Data filtering is commonly applied both to microarray and MPSS data. Both in the present study and an earlier study, we have shown that data filtering considerably improves data consistency between microarray platforms, and in particular on relative expression (log2ratios). The low intensity signals generally corresponding to low-abundance transcripts are typically filtered as it is expected that the signal-to-noise ratio becomes too small. The comparisons between MPSS and microarrays indicate that the MPSS technology also has problems in detecting low-abundance transcripts. It appears that neither technology can reliably detect transcripts expressed at very low frequencies in an environment where the expression levels of all transcripts could span several orders of magnitude. This is a major problem as many transcripts have low-abundance, and there is currently a consensus that many of the corresponding genes are associated with critical regulatory roles in the cells . For microarrays to improve the low-end sensitivity, the optimization of probe design, as well as the advances of scanning techniques, may be key issues. In sequencing-based systems, increase of library size and sequencing accuracy may increase the confidence in low-abundance transcripts identification.

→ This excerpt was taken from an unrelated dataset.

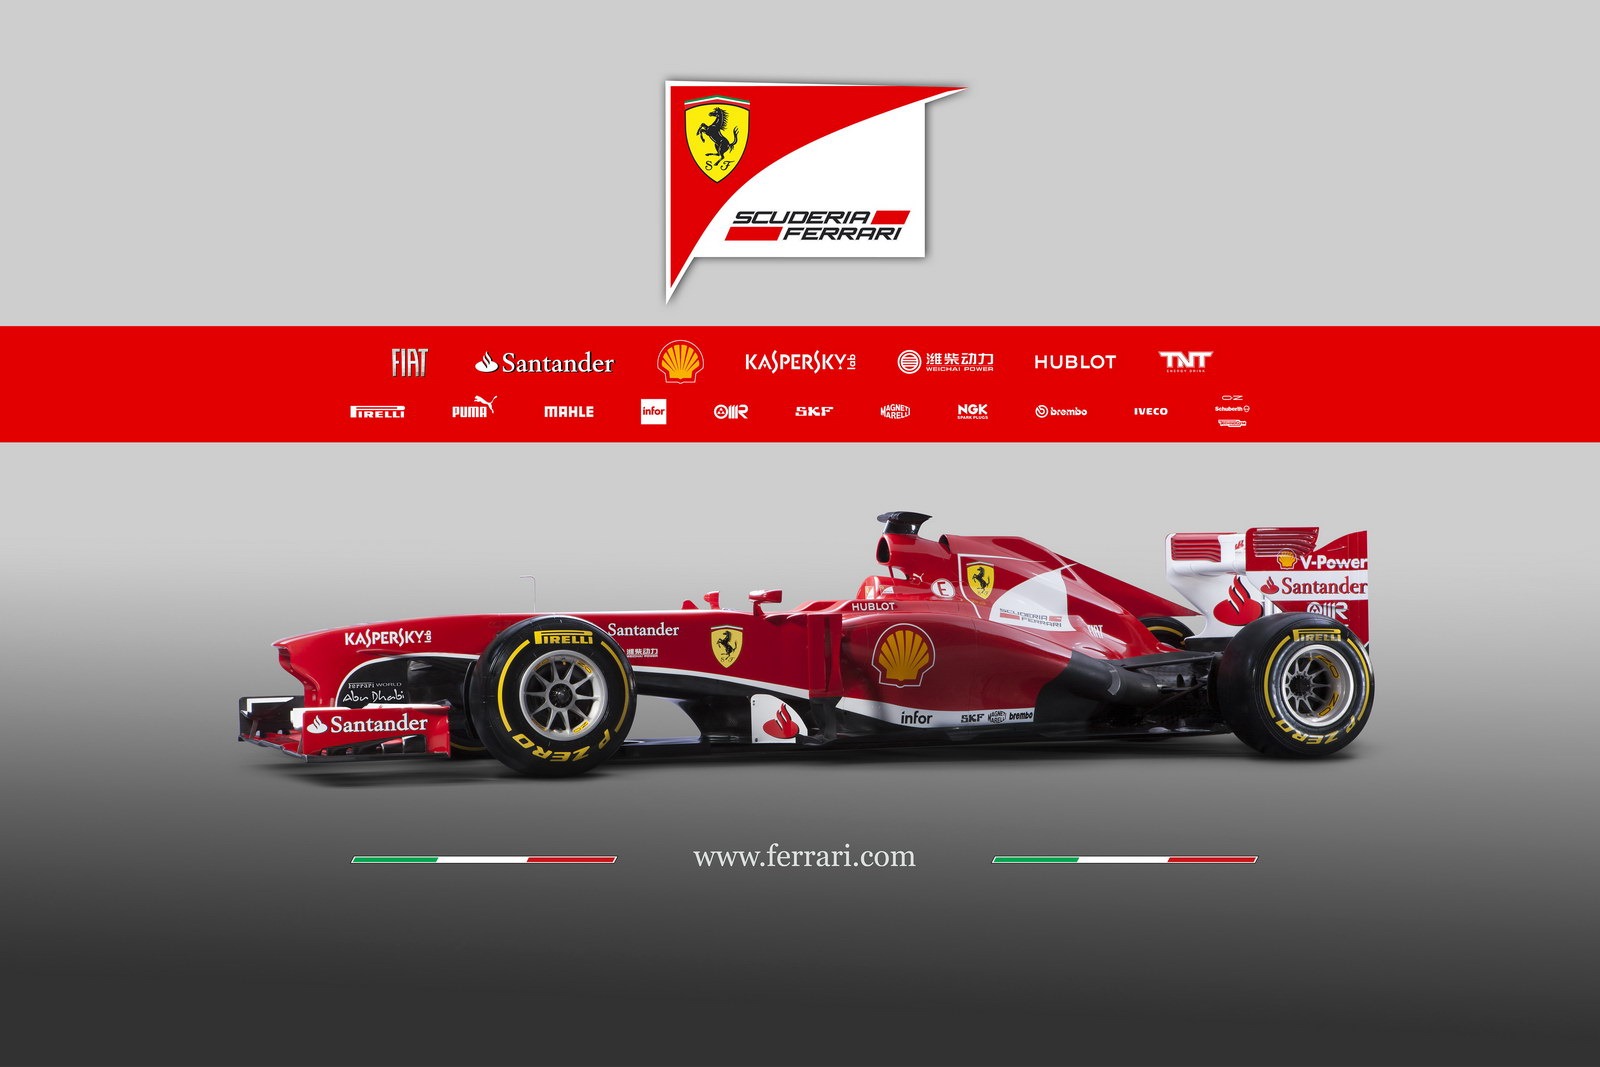 Ferrari Formula 1 Wallpaper Images Pictures   Findpik
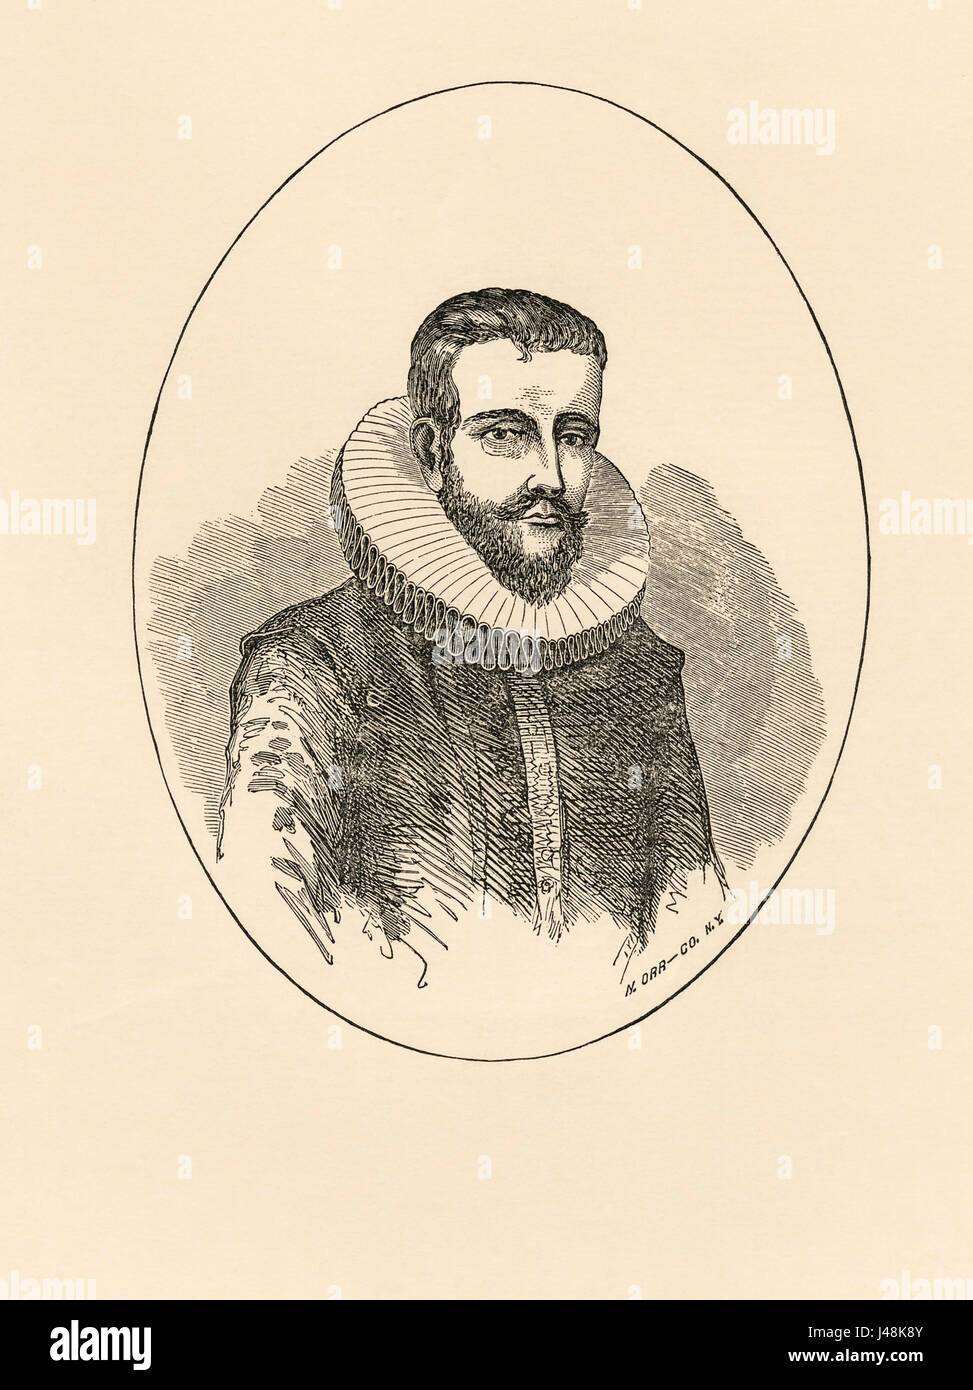 Henry Hudson, c.1565-1570 - 1611.  English explorer and navigator. Stock Photo

Recent studies have demonstrated that factors such as strain [34,35], gender [36,37], as well as diet [38,39] and circadian variation,  can influence gene expressions in various organisms and tissues. In our study we created two retina samples by randomized pooling of samples from a large number of individuals aiming to cancel out the effects of such factors. We examined the biological variability at several levels: (1) the influence of biological replicates on the measures of intra- and inter-platform data consistency; (2) the overall capability of differentially expressed gene identification by each biological replicate; and (3) the genes or gene sets that were most susceptible to biological variability between MRP1 and MRP2. In general, the two pools showed very similar gene expression patterns as expected, but for some genes there was a difference between the two mouse retina pools that was consistent across the platforms and technologies. Moreover, MPSS also differed considerably from the microarray platforms in terms of identification of genes differentially expressed in MRP1 versus MRP2. As is commonly done due to high instrumental complexity and cost, MPSS data for each sample was collected without technical replicates, and differentially expressed genes were identified by a statistical approach. The Z-test, found by Man et al.  to perform well in terms of specificity, power, and robustness for determining statistical significance in SAGE, detected far more differentially expressed genes than the statistical tests applied to the microarray data with technical replicates. Also in terms of fold-change, MPSS detected far more genes as having two-fold or larger change than the microarray platforms. In this respect, Illumina data, which also did not have technical replicates, behaved similarly as the other microarray platforms, hence the lack of technical replicates alone cannot explain all of these differences. In light of the construction of the two retina pools and the good agreement between the microarray platforms, this may be a sign of caution for those who intend to use MPSS for the purpose of biomarker discovery without incorporating technical replicates. Until technological advances make technical replicates in MPSS feasible and MPSS data are further studied and confirmed using independent and complementary technologies, MPSS may not be the optimal choice for identification of novel fingerprints based on differential expression.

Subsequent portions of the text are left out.